# Boletim Climatológico Anual - 2011, IM



## Zoelae (26 Jan 2012 às 19:08)

Já viram o novo boletim climatológico anual, está muito completo. O Instituto de Meteorologia está de parabéns!

"O Instituto de Meteorologia editou agora o Boletim Climatológico de 2011, o qual para além da informação tradicionalmente apresentada em Boletins anteriores, inclui informação complementar com aspetos inovadores, particularmente ao nível do apuramento anual e mensal do número de dias com valores significativos e de extremos absolutos de vários parâmetros meteorológicos: precipitação, temperatura, vento, ondas de calor e de frio, e ainda informação sobre o número de dias de geada, nevoeiro e trovoada."

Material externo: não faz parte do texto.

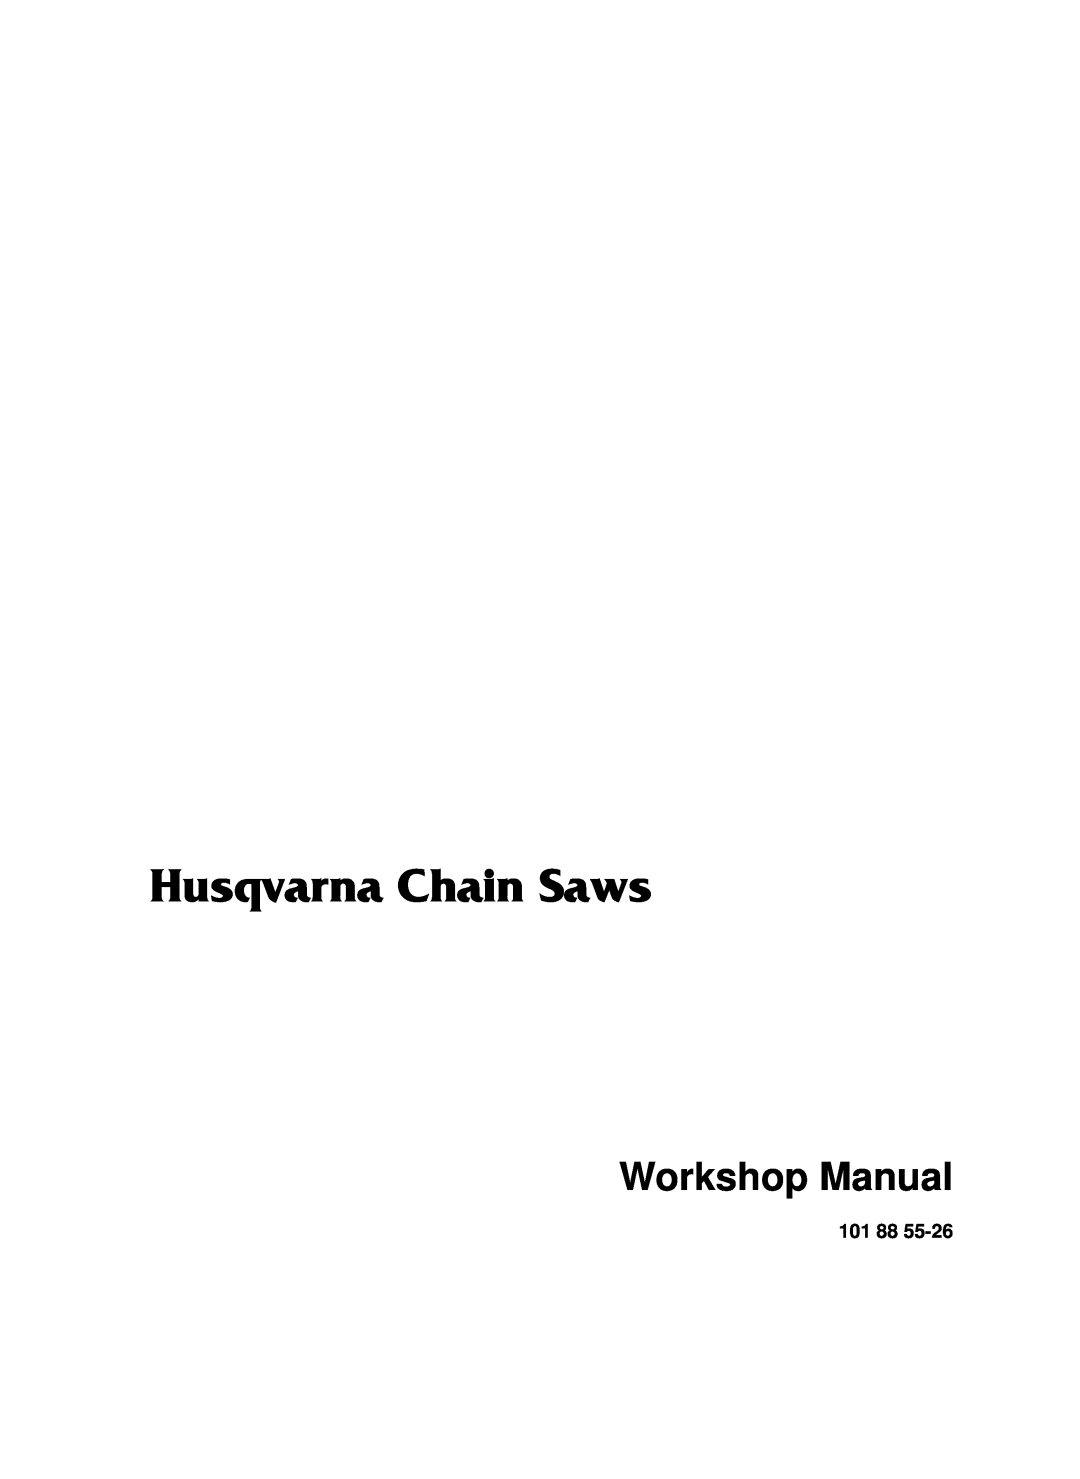 Husqvarna 965030296, 965030298, 1018855-26 manual Husqvarna Chain Saws, Workshop Manual 
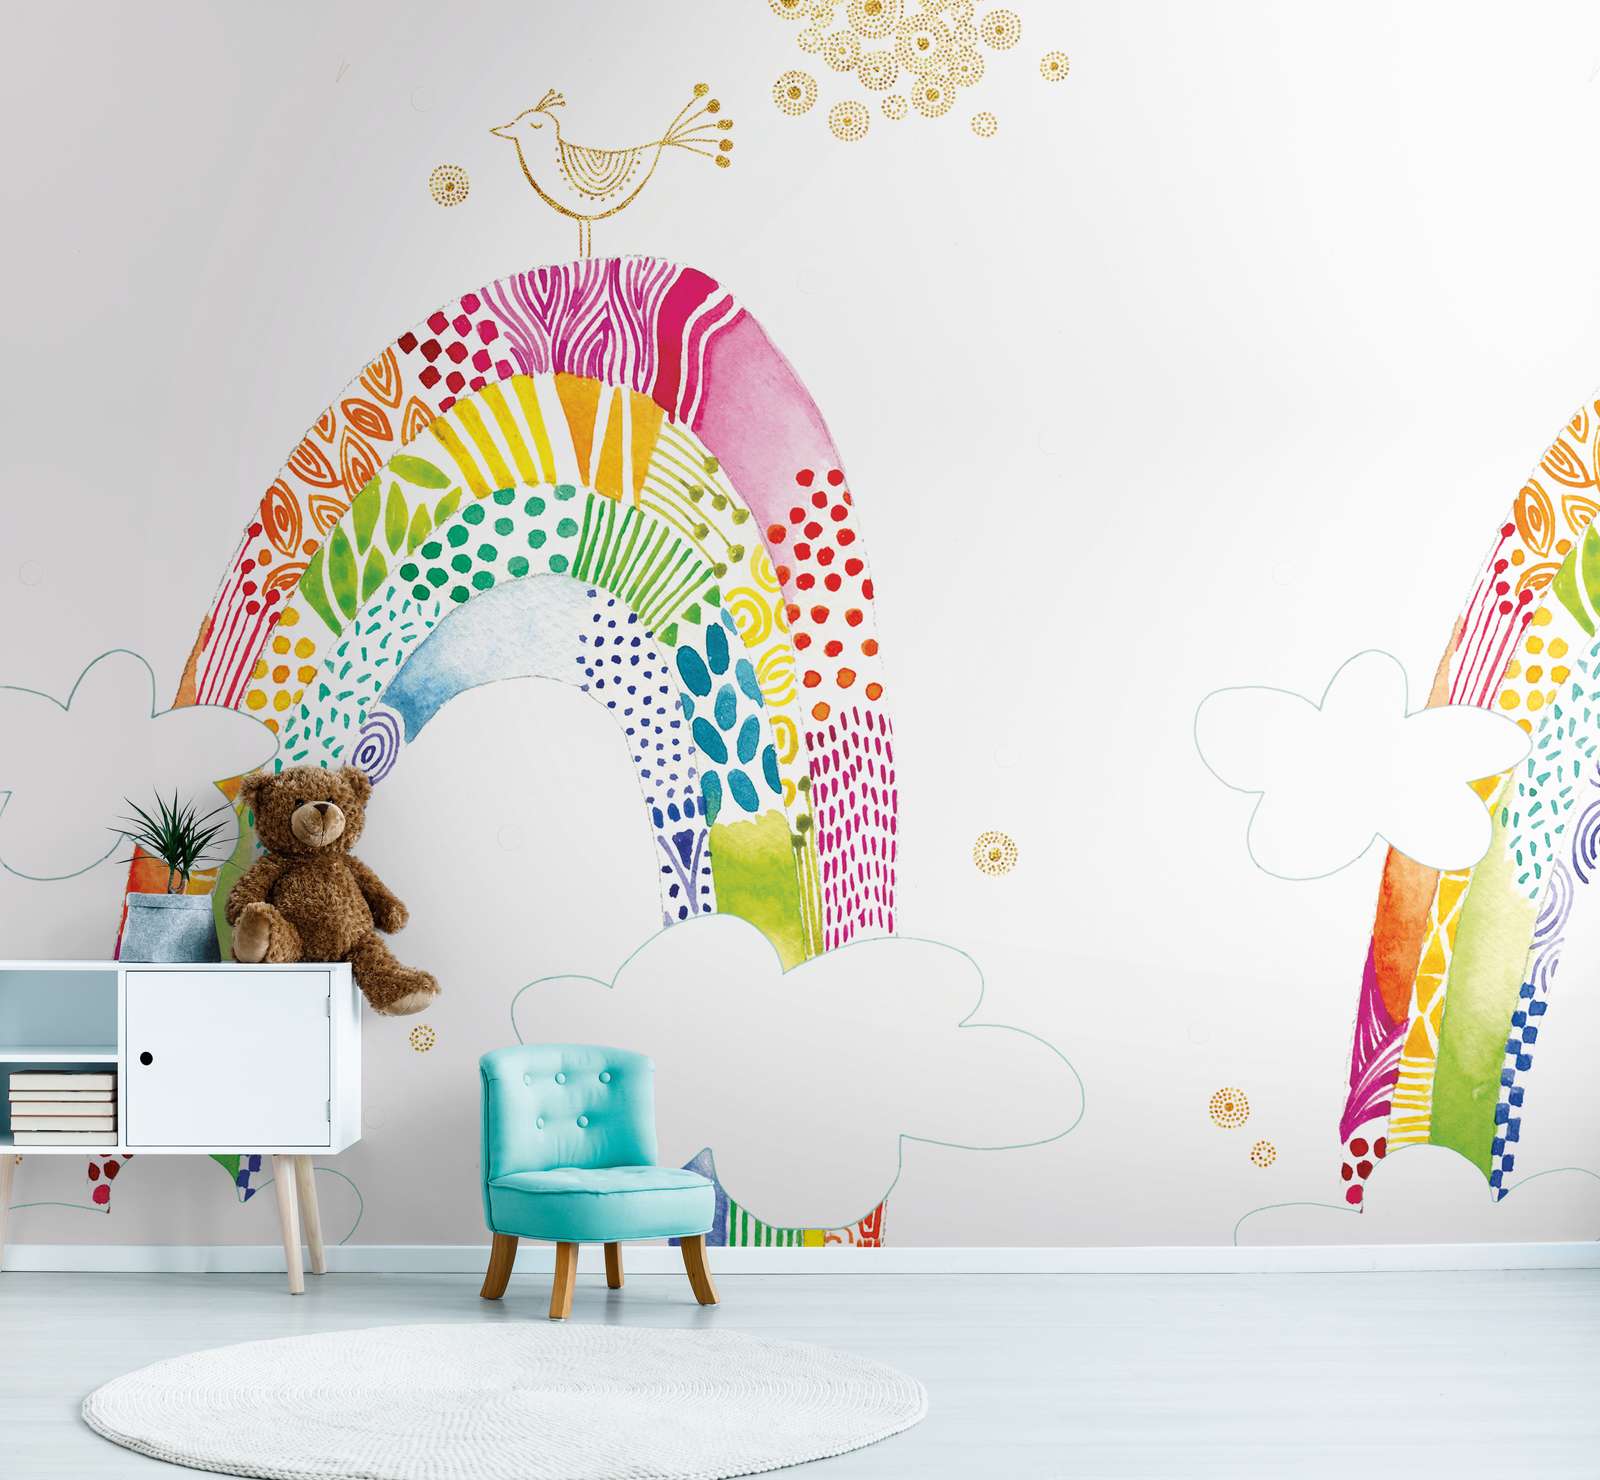             Papier peint enfant avec arc-en-ciel coloré et oiseau - multicolore, blanc, rose

Bem, encontrei um valor inesperado e queria saber a vossa opinião.

O IM aponta como valor mínimo de Tª para o mês de Agosto em Bragança, de -2,7ºC! Será mesmo assim!?


----------



## Dan (26 Jan 2012 às 19:21)

Zoelae;315704

O IM aponta como valor mínimo de Tª para o mês de Agosto em Bragança disse:
			
		

> É erro. Houve problemas com a leitura dos valores mínimos no mês de Agosto, tanto que no boletim de Agosto nem sequer aparece o valor mínimo do mês, nem a média das mínimas para a estação de Bragança.


----------



## AnDré (26 Jan 2012 às 19:31)

Zoelae disse:


> Bem, encontrei um valor inesperado e queria saber a vossa opinião.
> 
> O IM aponta como valor mínimo de Tª para o mês de Agosto em Bragança, de -2,7ºC! Será mesmo assim!?



O boletim está espectacular.
Quando tiver um pouco mais de tempo vou analisa-lo melhor.

Mas para já esse dado só pode ser uma gralha.
Houve um problema qualquer com o sensor nessa altura. No boletim de Agosto nem foram divulgados os dados referentes às temperaturas mínimas em Bragança por ter havido falhas no equipamento.

Nesse dia 23, o Fil e o Z13 tiveram respectivamente 14,9 e 14,2ºC de temperatura mínima.

No final do mês foram registadas temperaturas bastante baixas. Até foi noticia do boletim. Mas a temperatura mais baixa que eles referiram foi de 3,1ºC em Carrazeda, seguida de 4,9ºC de Miranda do Douro.

Apesar dos -2,7ºC referidos, na tabela anterior vem que o número de dias com Tmin<0ºC foi de 0 dias, e houve 0 dias de geada.


----------